[PATCH] LLVM changes for indirect call target profiling support

Mon Jun 15 21:24:30 PDT 2015

>> "Betul Buyukkurt" <betulb at codeaurora.org> writes:
>>> Hi Justin,
>>>
>>> Since value profiling changes are very large in size and complexity
>>> wise
>>> required multiple design iterations (i.e. IC-profiling -> value
>> profiling
>>> -> raw file size reduction), I did not reply to much of the minor
>>> commentary since the design changes usually resulted in those fixes
>> being
>>> changed again anyway. So I saved any of those typo, naming, wording,
>>> doc
>>> extending etc related comments addressing for merge time. Today I've
>>> posted first of my merge intended CL's for review where all of your
>>> concerns are addressed.
>>
>> I'm not sure why we need yet another thread for that. In any case, two
>> things:
>
> I thought splitting the LLVM change into smaller CL's was what you
> proposed when you suggested (quoting from your email):
>
> "Finally, the LLVM patch is quite large. We can probably make it a bit
> easier to stage and review by splitting out a couple of things and doing
> them first:
>
> 1. Changing the __llvm_profile_data variables so they're no longer
>    const.
>
> 2. Adding the InstrProfRecord type and updating the unittests. Also,
>    this type should just go in the InstrProf.h header, no need for its
>    own.
>
> 3. Arguably, we could update the raw format and implement the
>    RawInstrProfReader changes (but ignoring the new data) first. If you
>    think this is worthwhile go ahead, but if it'll lead to too much
>    extra busywork it probably isn't worth it.
> "
>
> So I came up with another plan which I posted later in the same thread. Do
> you have any objections to the newer plan?

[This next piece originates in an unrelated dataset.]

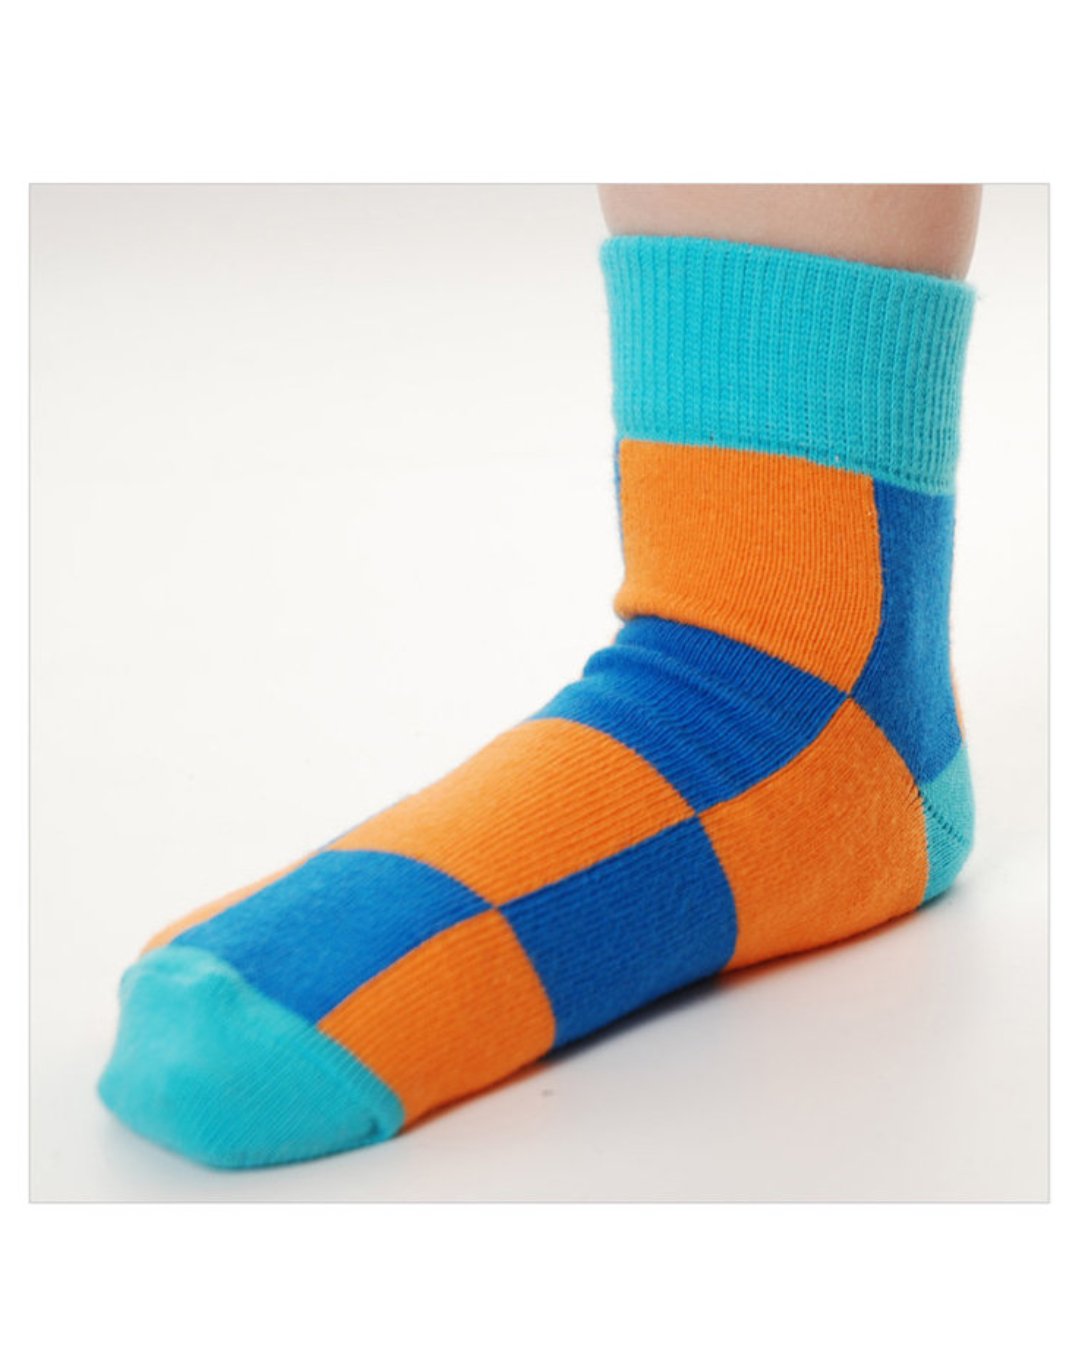 Blau orange gekachelte Socken für Kinder aus Biobaumwolle von DUNS Sweden

Below list is what I had proposed as the merge. I'm eager to iron out all
the problems and merge these changes soon. I think merging the intrinsics
alone is not a problem because by the third patch the lowering and the
tests will all come together. The goal is to share manageable size CL's
for final code review.

1. Intrinsic instruction for value profiling.
2. Making changes to the data structures used by the readers/writers, and
updating of the readers to preserve the current formats.
3. Indexed reader/writer changes for version 3 i.e. the one that's going to
be used by the value profiling as well
4. Lowering of profiling intrinsic and generation of Data w/ value profiling
entries. Raw reader updates for reading version 2 data.
5. compiler-rt changes for value profiling.

(4 & 5) changes should go in together not to break the builds.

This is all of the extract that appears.